T he effort to promote anti-Israel sentiment in all forms has gotten to the point where activists are now regurgitating anti-Christian propaganda from the third and fourth centuries.
It’s every bit as ridiculous as it sounds.
On February 25, a mentally disturbed man self-immolated in front of the Israeli embassy in Washington, D.C. His dying words were “Free Palestine.”
Following the man’s death, certain pro-Palestinian activists, along with some in the press, have sought to characterize his suicide as righteous and praiseworthy. This effort has included the suggestion that, on top of being supremely noble, self-immolation is also a conventional form of political protest, a time-honored tradition among political dissidents for 2,000 years.
Time magazine even published an article on February 26 that claimed, “Self-immolation was also seen as a sacrificial act committed by Christian devotees who chose to be burned alive when they were being persecuted for their religion by Roman emperor Diocletian around 300 A.D.”
The article was greeted with criticism and incredulous laughter as Time staffers appeared to struggle to understand the difference between martyrdom imposed by the state versus self-immolation. One would think that the “self” in “self-immolate” would be a (shall we say) dead giveaway, but one would be wrong.

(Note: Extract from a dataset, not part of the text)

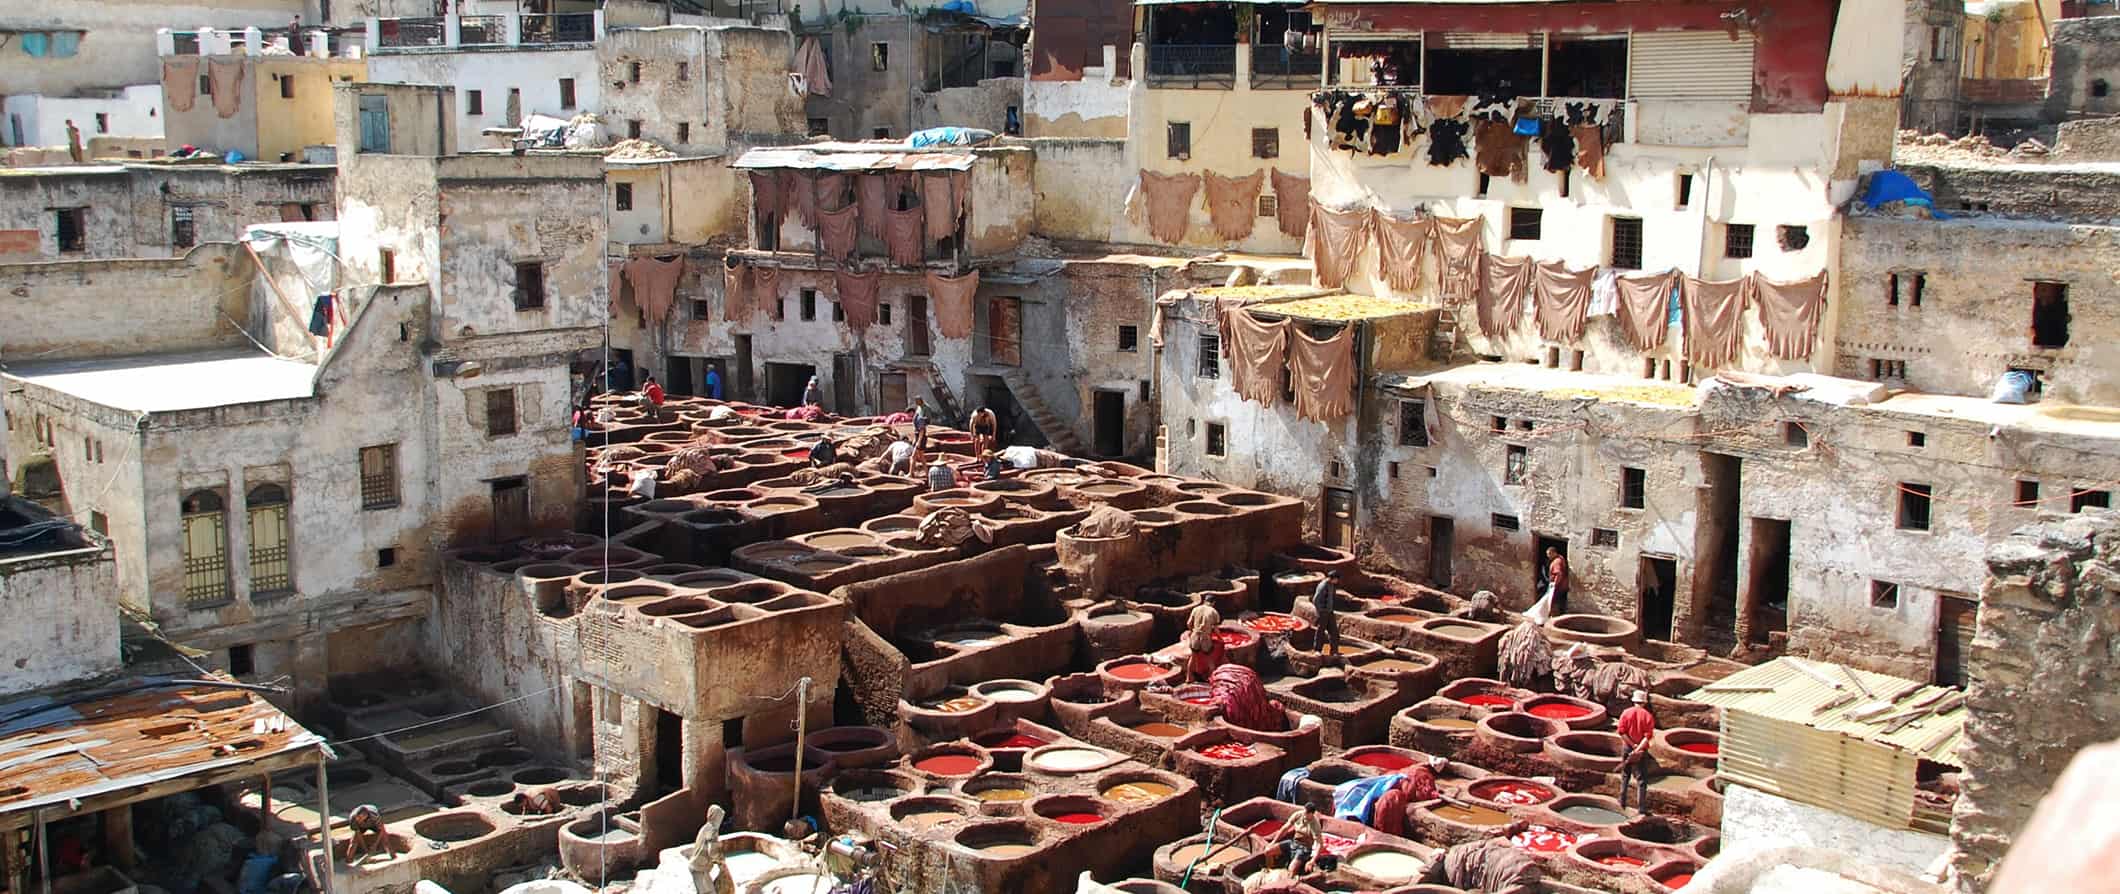 Enorme curtume histórico em Fez, rodeado por antigas casas e edifícios tradicionais marroquinos

Amazingly, the story takes an even weirder turn.
Apparently embarrassed by the online criticism, Time then updated its story to include a hyperlink to a 2012 New Yorker article, which reads: “From the historian Eusebios, we know with greater certainty of a more interesting instance of auto-cremation in antiquity: around 300 A.D., Christians persecuted by Diocletian set fire to his palace in Nicodemia [sic] and then threw themselves onto it—presumably, to express their objections to Roman policy and not to the emperor’s architectural taste.”
The chief problem here is that Eusebius recorded no such thing about this event in Nicomedia (not “Nicodemia”).
Here’s what the early Christian historian stated in his Ecclesiastical History: “I know not how it happened, but a fire broke out in the imperial palace at Nicomedia, in these days, which, by a false suspicion reported abroad, was attributed to our brethren as the authors; in consequence of which, whole families of the pious here were slain in masses at the imperial command, some with the sword, some also with fire. Then it was said that men and women, with a certain divine and inexpressible alacrity, rushed into the fire.”
The New Yorker article, in addition to revising Eusebius’s historical account, which leads to the conflation of an act of piety performed under duress with the act of self-immolation, posits the laughable suggestion that the early Christians attacked the emperor’s home in protest of “Roman policy.” What policy would that be? Taxation? Diocletian’s decision to move the capital of the Western Roman Empire from Rome to Mediolanum?
Worse than this, the New Yorker passage is a verbatim recitation of actual, genuine imperial Roman anti-Christian propaganda. Christians were accused, with no proof, of setting fire to the palace, for which they suffered greatly. This was par for the course; the early Christians were regularly blamed, tortured, and then killed for Rome’s woes.
In the historian Philip Schaff’s History of the Christian Church, he writes of early-fourth-century Christian persecutions (emphasis my own): “In 303 Diocletian issued in rapid succession three edicts, each more severe than its predecessor. Maximian issued the fourth, the worst of all, April 30, 304. Christian churches were to be destroyed; all copies of the Bible were to be burned; all Christians were to be deprived of public office and civil rights; and at last all, without exception, were to sacrifice to the gods upon pain of death. Pretext for this severity was afforded by the occurrence of fire twice in the palace of Nicomedia in Bithynia, where Diocletian resided.”
In a follow-up footnote, Schaff stresses disagreement over the cause of the fires, though there is no disagreement over who paid the price. He writes, “Lactantius charges the incendiarism on Galerius who, as a second Nero, endangered the residence for the purpose of punishing the innocent Christians. Constantine, who then resided at the Court, on a solemn occasion at a later period, attributes the fire to lightning . . . but the repetition of the occurrence strengthens the suspicion of Lactantius.”
Incidents such as the palace fire were often used as justifications, no matter how flimsy, for the “rivers of blood” that flowed under emperors such as Diocletian. The empire regularly invented or caused such incidents to further its propaganda campaigns against the Christian population, citing acts of “sabotage” and “subterfuge” as justification for the mass murder of Christ-followers.
That such propaganda should appear as a straight-faced fact many centuries later in the pages of the New Yorker is nothing short of remarkable.
That such propaganda should then be cited in 2024 to normalize even the most unhinged protests against Israel, which is home to a famously scapegoated people, a people who historically have been the victims, on a monstrous scale, of the type of state-sponsored persecution suffered by the early Christian martyrs, is a bitter irony.